Mac nodded. "It's sort of like looking into a mirror while holding one facing that mirror. It's just stories that disappear into stories." He signed again. "'I was an NSA agent that let myself get recruited by the Organization to bring them down but then when I was ready I realized they had some good points'? What the hell, man? I'm sorry, but I just don't buy someone trying to serve that many masters and really believing they are good enough to untangle a web that complicated even if what they believe is true. Which doesn't seem likely.
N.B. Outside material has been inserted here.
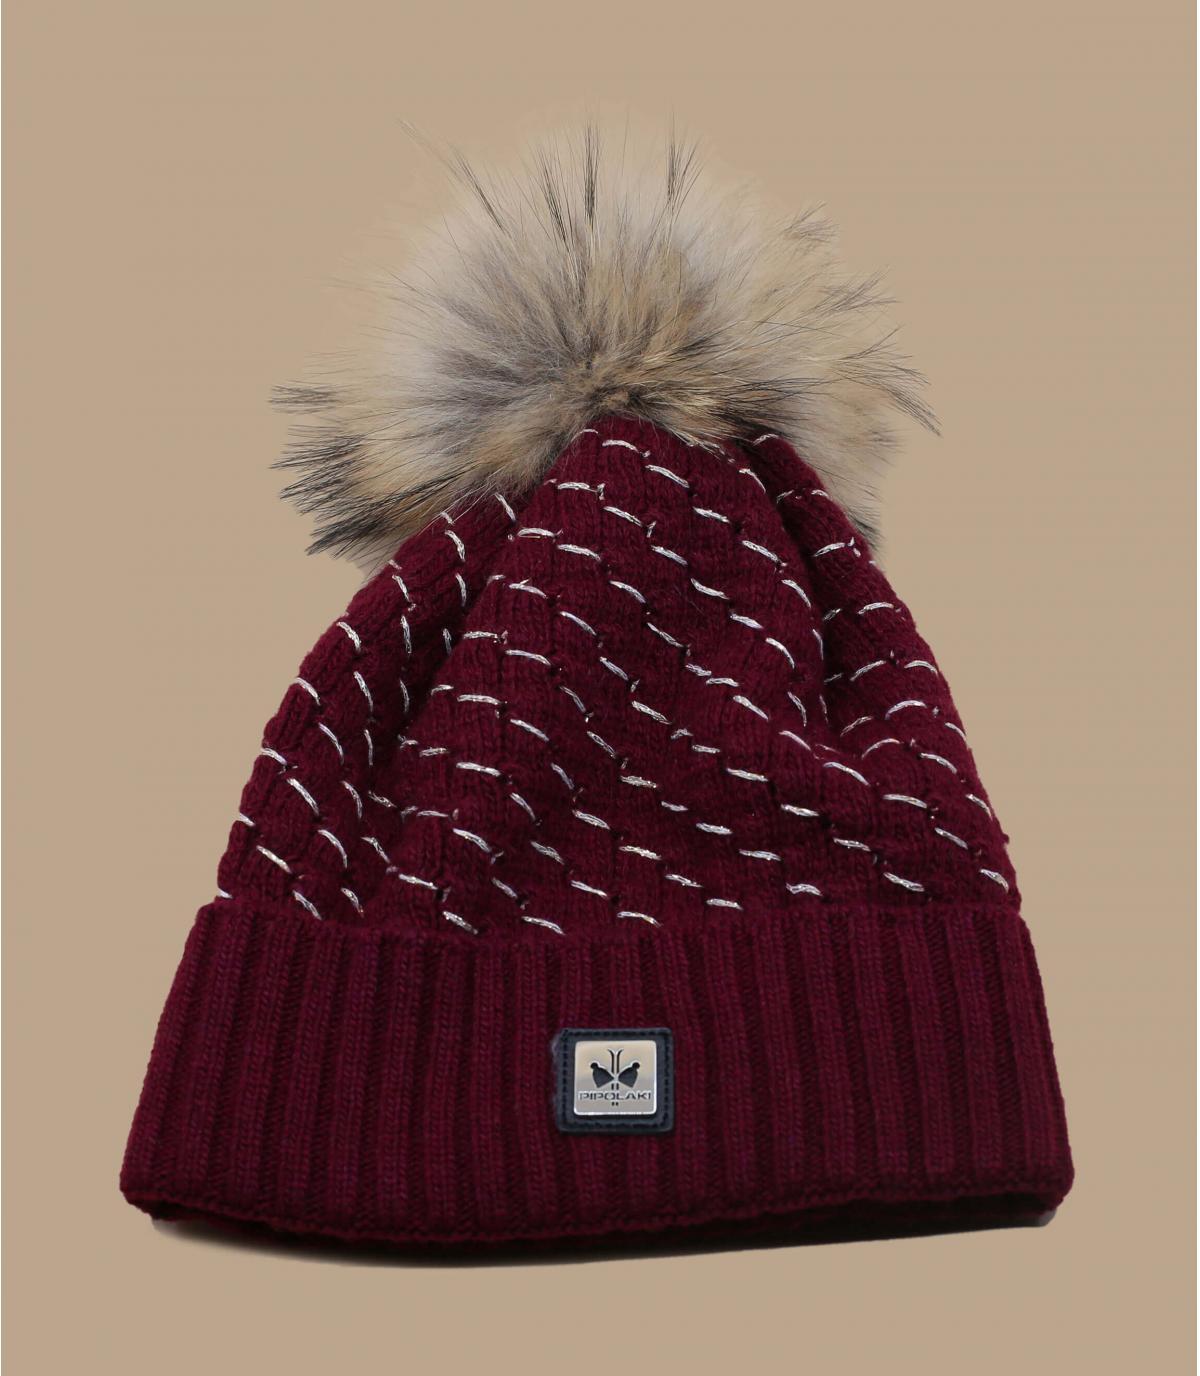 Mütze bordeaux Kaschmir Fell

That's hubris on a scale I can't even contemplate."

He silenced Jack's reply with a gesture as they both heard Matty say, "What about Miss Carpenter's involvement?"

The man gave a small indifferent shrug. "Based on the evidence we had I thought she was clean. All the contacts I'd cultivated at CIA as Butler seemed convinced she was one of theirs as well. When she told the ops team in DC that she was Organization I was surprised. I've rarely been that wrong about someone's allegiances before."
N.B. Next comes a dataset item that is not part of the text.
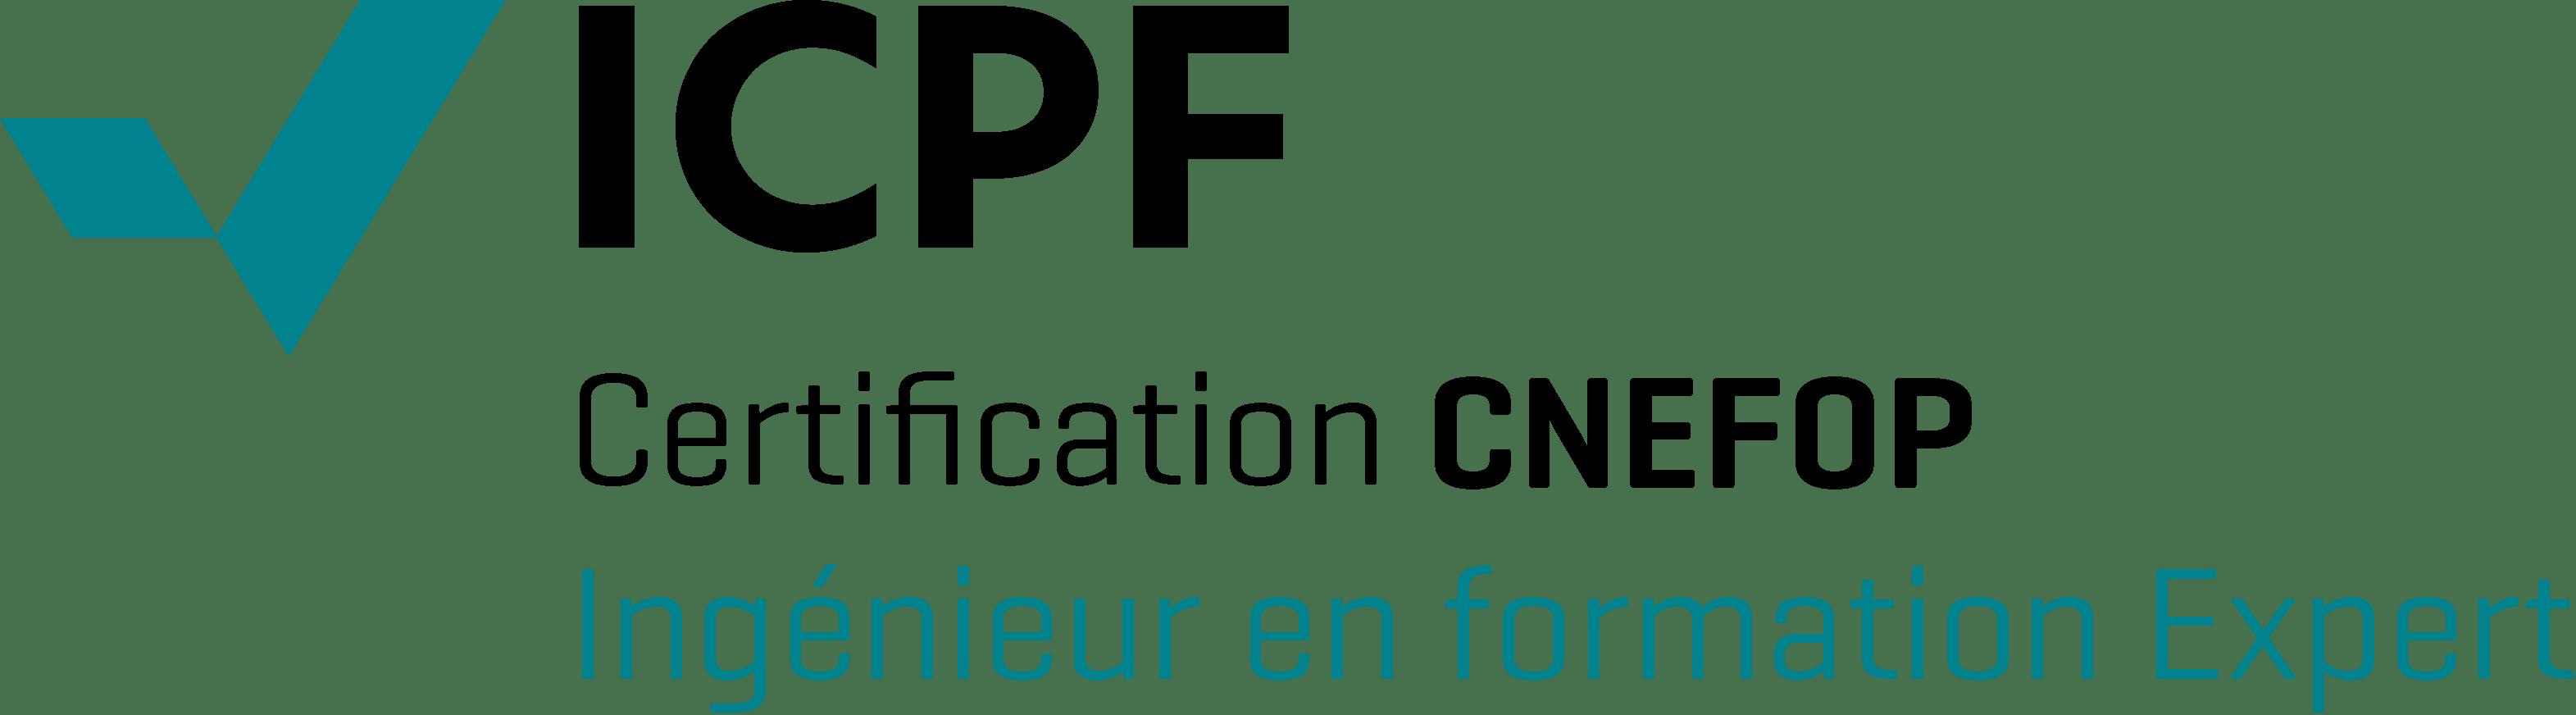 ICPF expert CNEFOP

Matty frowned. "Since you were working with DXS as Marc Butler at the time of the incident in Lake Como, were you aware of Ms. Carpenter's extralegal agency manipulation?"

He shrugged again. "It seemed like a legitimate CIA operation. Of course, as I said, the entire intelligence community is so polluted at this point, it's almost impossible to know. And I was on the outs with the Organization at that time and needed to establish myself with them again under the new Butler identity since my alias before that had been 'killed' in the field to extract an agent that wanted out."

"And her involvement with Thornton? Thornton's role with the Organization?" Matty pressed.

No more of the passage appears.